This 1937 Cadillac 60 Series Convertible continues to impress all who are fortunate enough to drive one of these iconic beauties.
Power is not lacking, performance is flawless and the quality of workmanship approaches an artistic, as well as a mechanical, masterpiece.
Shown at the 2012 Hillsborough Concours d'Elegance, this 1937 Cadillac 60 Series V-8 Convertible was then (and may still be) owned by a San Francisco resident, who was extremely nice and provided a lot of information.
Next time, I am digging up one of my old Reporter's Notebooks and bringing it with me to take proper notes because he was so informative.
Cadillac also made 60 Series in V-12s and V-16s. Imagine the power of a V-16!
A 1937 Cadillac-Fleetwood promotional poster said that its V-8, V-12 and V-16 models were "from the royal family of motordom."
"There is no better proof of merit than public approval," it said. "It is tremendously important, therefore, that more people buy Cadillac-Fleetwoods than any other car of comparable cost.
"There are three major reasons why this car is true: No other car is so beautiful as Cadillac-Fleetwood, no other car performs so brilliantly, and none carries the hallmark of prestige.
"Now available in 13 bodies by Fleetwood. Individual custom designs upon request."
In reading about Cadillac, I found an article that stated owners could have a choice of hood ornament: the flying goddess or a heron.
Prices ranged from about $2,600 on up, if you purchased a car in Detroit, Mich. If not, transportation and state and local taxes would be added to the vehicle's cost.
Cadillac called the 1937 Cadillac 50 series an "aerodynamic" car that included all the "standard accessories" anyone would need.
Cadillac manager Nicholas Dreystadt came up with the iconic Series 60, which debuted in 1936 and fulfilled a Cadillac goal: offering a mid-priced car between the LaSalles and the expensive Series 70 Cadillacs.

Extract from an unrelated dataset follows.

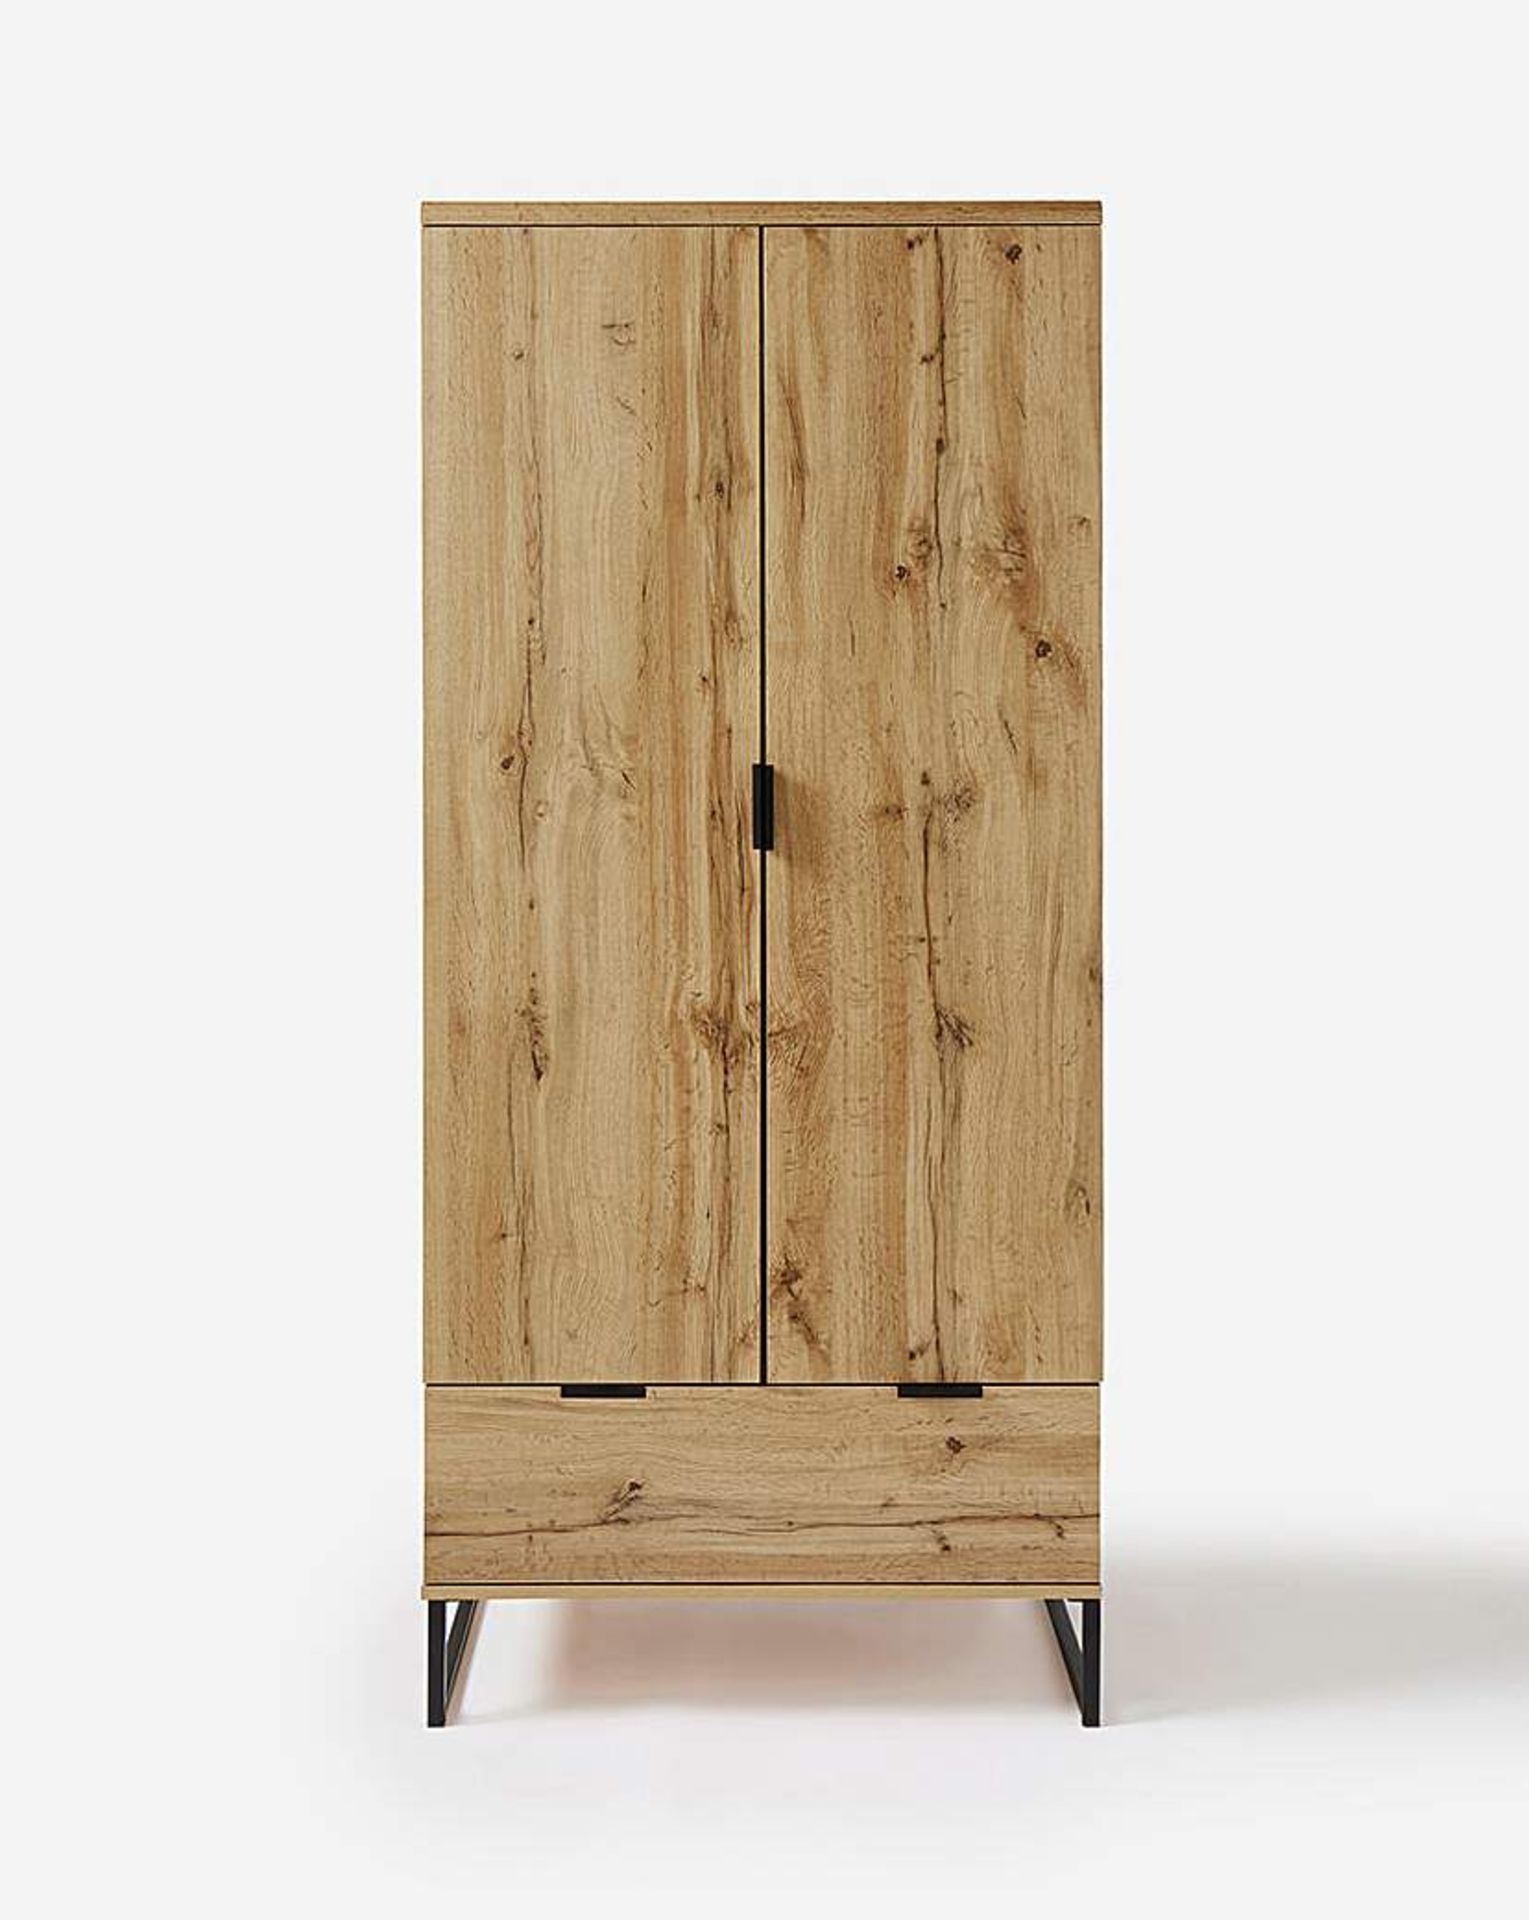 BRAND NEW Oak Shoreditch Wardrobe. RRP £299 EACH. The Shoreditch Range has a contemporary and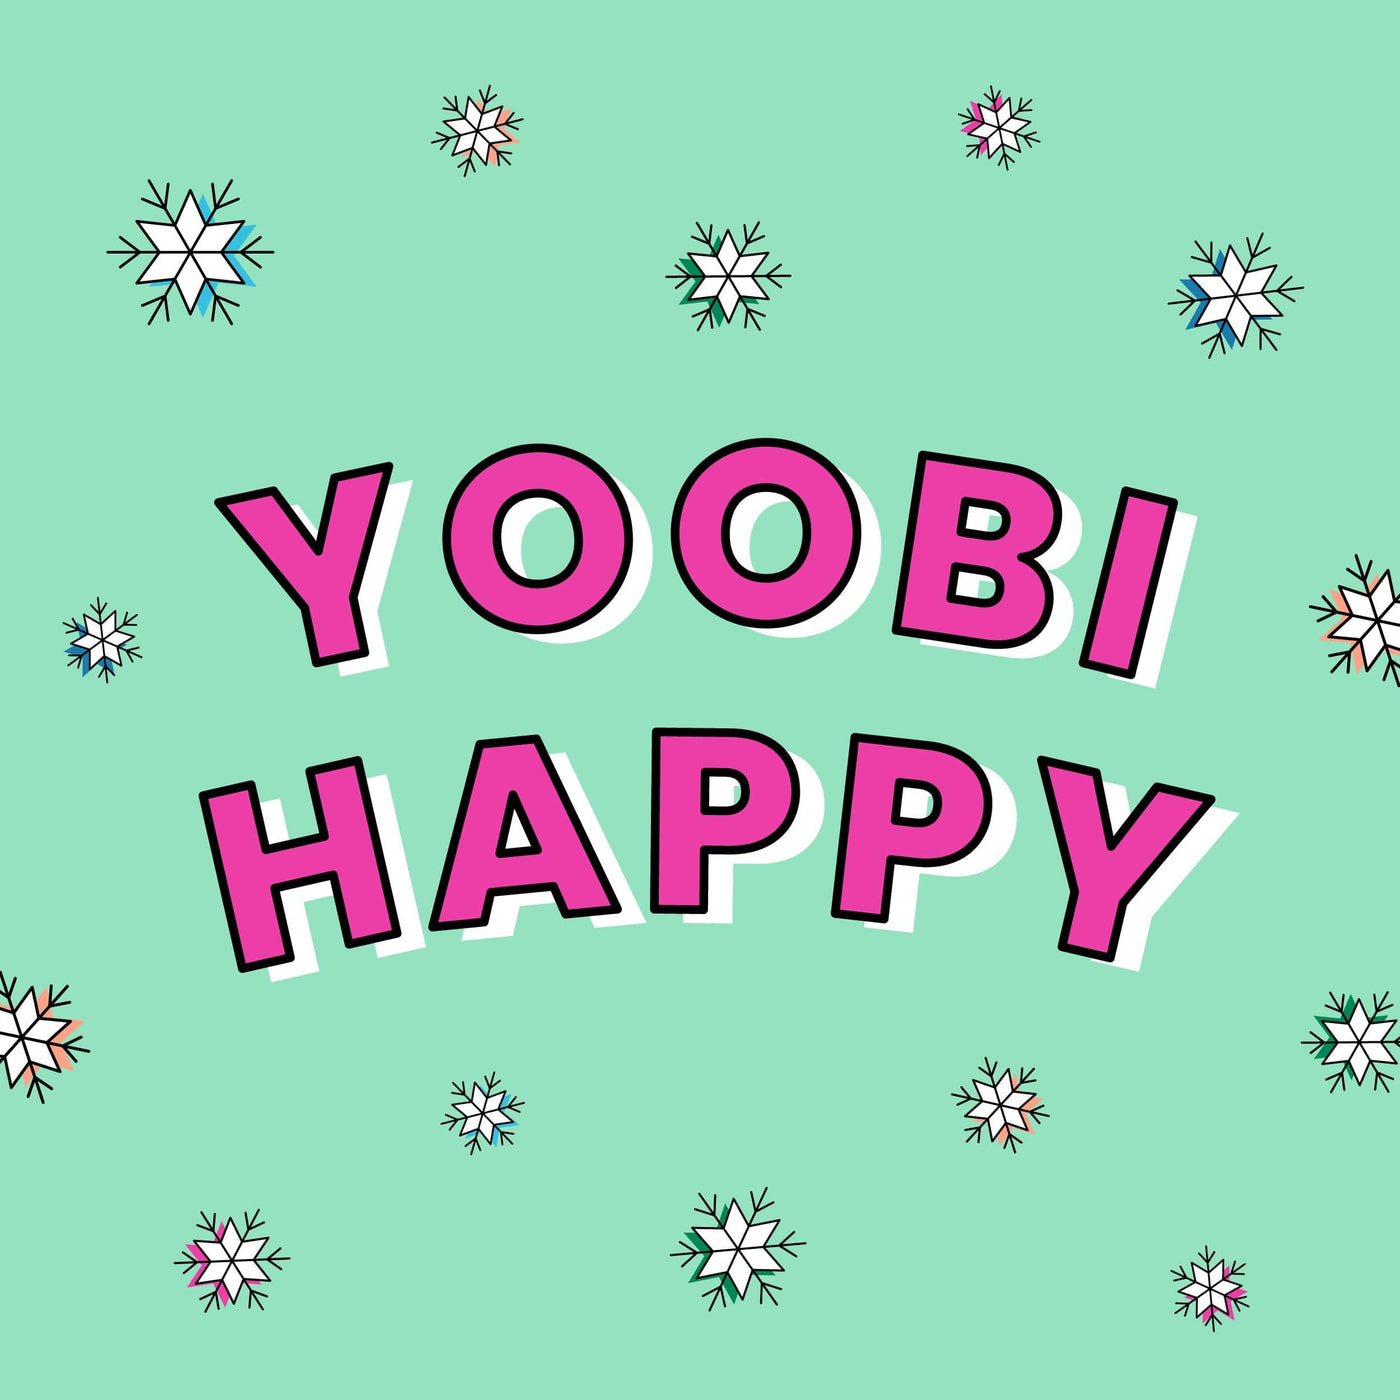 Yoobi gift card with Yoobi Happy message with snowflakes and pink lettering on mint background

In 1939, it was replaced by the Series 61; however, its creation spawned a decades'-long flirtation by Cadillac with the spin-off 60 Series that Cadillac would re-invent on occasion through 1993.
Production of the 60 Series was short-lived, with models manufactured from 1936 to 1938.
Body styles offered were: 2-door club coupe, 2-door convertible, 4-door sedan and
The 120-inch-long wheelbase seems massive when you actually get close to one of these beauties. They are large, indeed! Very impressive.
Cadillac was so happy with its creation, another sales promotional poster said: "These are easily the most magnificent cars ever conceived."
Another said: "Never before have motor cars been carried to such heights of excellence, yet Cadillac-Fleetwood prices are surprisingly moderate."
Yet another Cadillac promotional poster summarizes what any owner of one of these beauties will tell you: "Those who desire the utmost in mechanical excellence and distinction will find these qualities carried to new heights."
A Hillsborough informational summary stated: "The cars ... share the basic 'B body' with LaSalle, Buick and Oldsmobile. The body, designed by Harley Earl, made use of Fisher Body's new 'turret top' ~ a one-piece roof construction and offers a tall, slender grille and a split-V windshield.
"The car is powered by Cadillac's 346ci (5.7 liter) monobloc V-8 engine developing 125hp."
The summary noted the 60 Series 60 was Cadillac's best-selling model in the period it was manufactured.
It was so successful that it doomed the 60 Series V-12 by 1937, the last year of the V-12's production.
With a monobloc almost as powerful as the V-12 (135hp), the V-8 was much less expensive to manufacture, making it a better buy for those interested in balancing cost, performance and value.
The car at Hillsborough also has historical significance outside standard automotive history: "This car was in the Golden Gate Bridge's 50th anniversary celebration," the summary noted."
The car carried former San Francisco Giant and Major League Baseball Hall-of-Famer Willie Mays (my favorite player from childhood) and former Giant Manager Dusty Baker.